Была бы я дюжим спортивным мужчиной, он не повел бы себя так непрофессионально, ибо ждал бы подвоха и вообще, и в частности. Действий решительных ждал бы от мужчины, будучи обнаружен. А вот я собой никакой угрозы не представляла. И поэтому он запаниковал от моих нестандартных поступков и стал совершать одну ошибку за другой. Старенький он был уже, мерзавец. И здоровьишко, видимо, пошаливало. Его тяжелое дыхание слышалось двумя этажами ниже. Я преодолевала ступеньку за ступенькой, догоняя его, а в мозгу, словно хронометр, отстукивала мысль — на-до-ел, на-до-ел и так далее… Я настигла его на площадке между седьмым и восьмым этажами и придавила к замызганной стене у неопрятного мусоропровода. Ароматы тут витали злокозненные, нормальному человеку противопоказанные. Так что с этой точки зрения мои действия можно квалифицировать как нарушение Женевской конвенции, в той ее части, где говорится о пытках военнопленных.

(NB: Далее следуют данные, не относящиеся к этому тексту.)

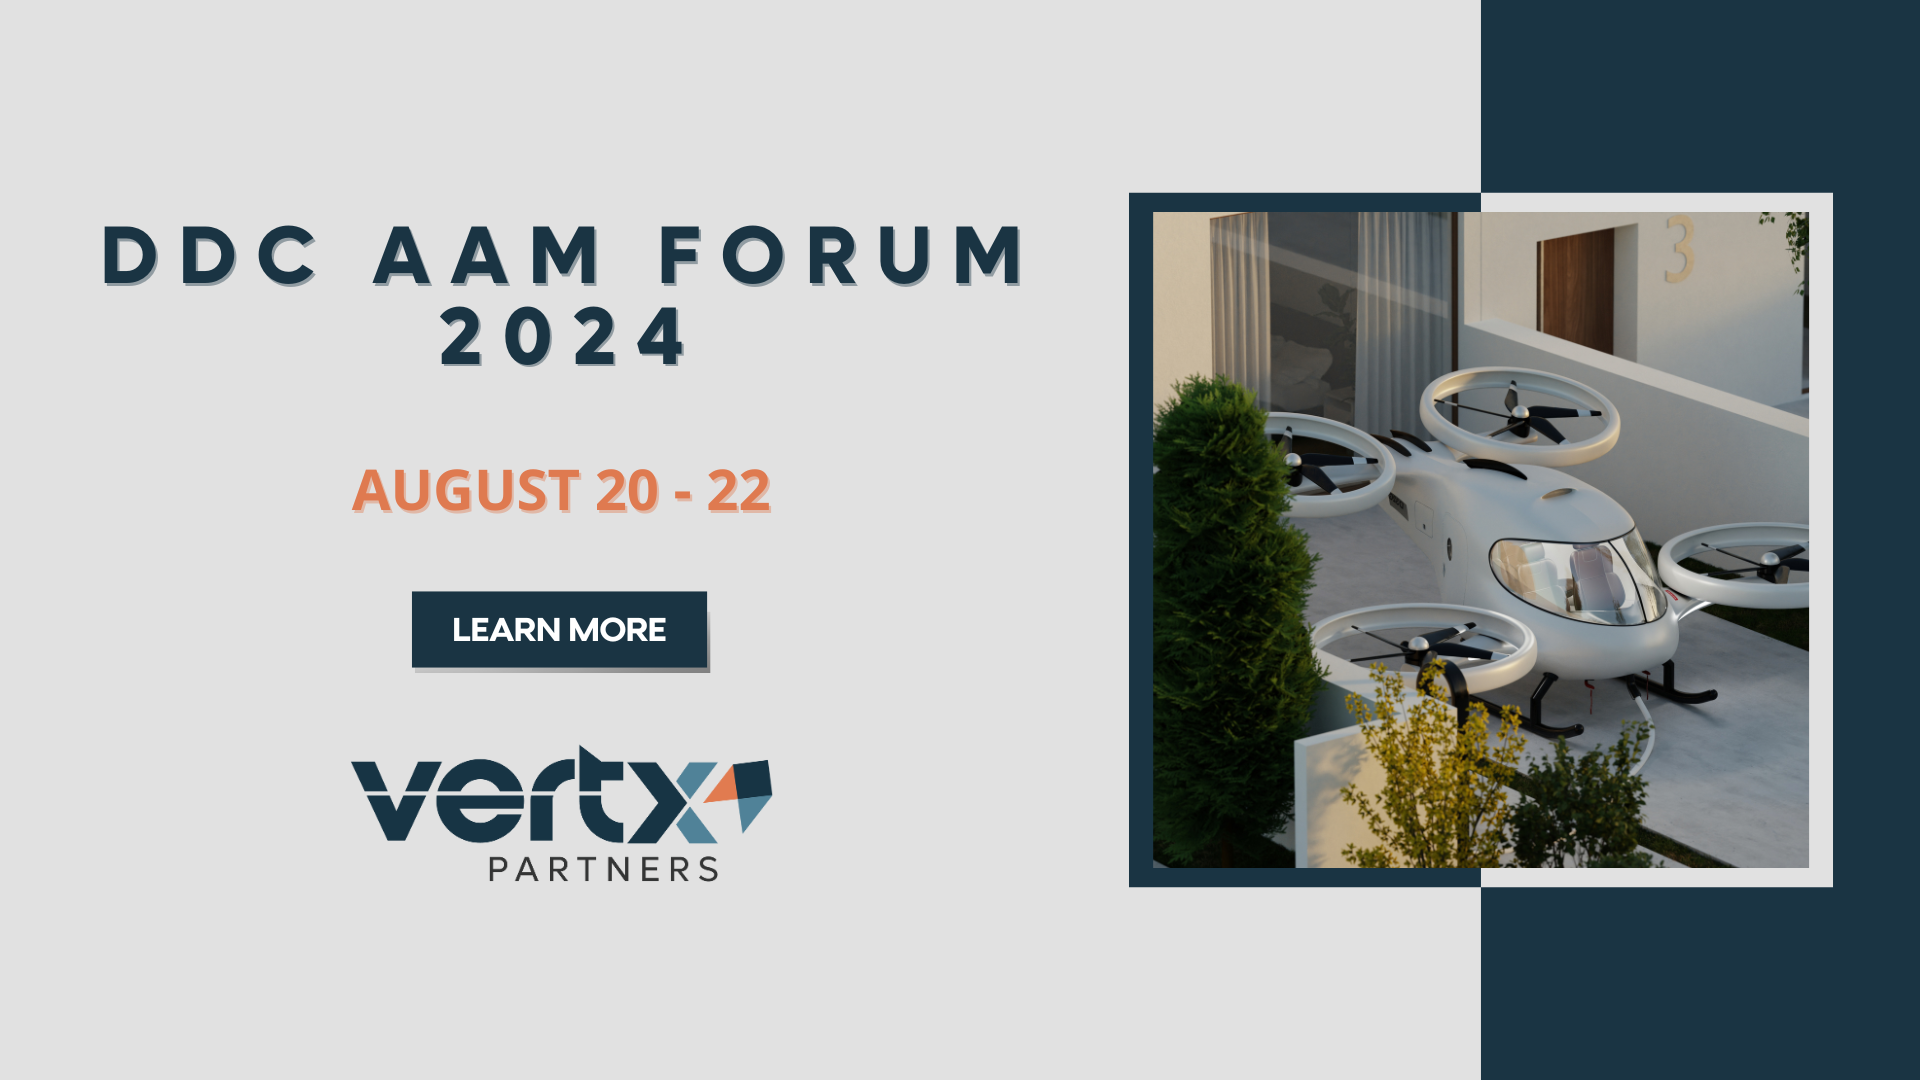 This graphic has the title DDC AAM Forum 2024 with the dates August 20-22 under it and a photo of an eVTOL next it flying through buildings.

— Что вам нужно? Я вас не понимаю… — залопотал человечек, и бросилась мне в глаза его лысина, покрытая крупными каплями пота. Неизвестно, как бы обернулось это дело и хватило бы у меня решительности его допрашивать. Потому что жалким он оказался до невозможности, и злость моя как-то сама собой улетучилась. И даже чуть не стало неудобно — загоняла бедного дядечку, а вдруг ему сейчас плохо станет. Словом, могла бы и смутиться, и оставить его в покое, но тут он потащил из кармана нож. Здоровый такой, выкидной, из тех, что делают на зоне, с цветными красивыми накладками. Ух как я обрадовалась. Этот нож долго будет стоять у него поперек горла. При этом я старалась его не калечить и уж точно не касаться оружия, потому что потом еще полжизни разбираться будешь с родимыми правоохранительными органами, которым почти всегда все равно, кого именно правоохранять — не то потерпевшего, не то нападавшего. Это уж как бог на душу положит. А он почему-то редко разбирается. И выходит по старой армейской пословице: сейчас разберусь как следует и накажу кого попало. Выкрутив противнику руку, подождала, когда он зашипит от боли, а нож вывалится из посиневших пальцев на пол. Теперь пару болевых приемов (глаза боятся, а руки делают, — что значит память тела!), и вот он уже готов сказать все, что угодно.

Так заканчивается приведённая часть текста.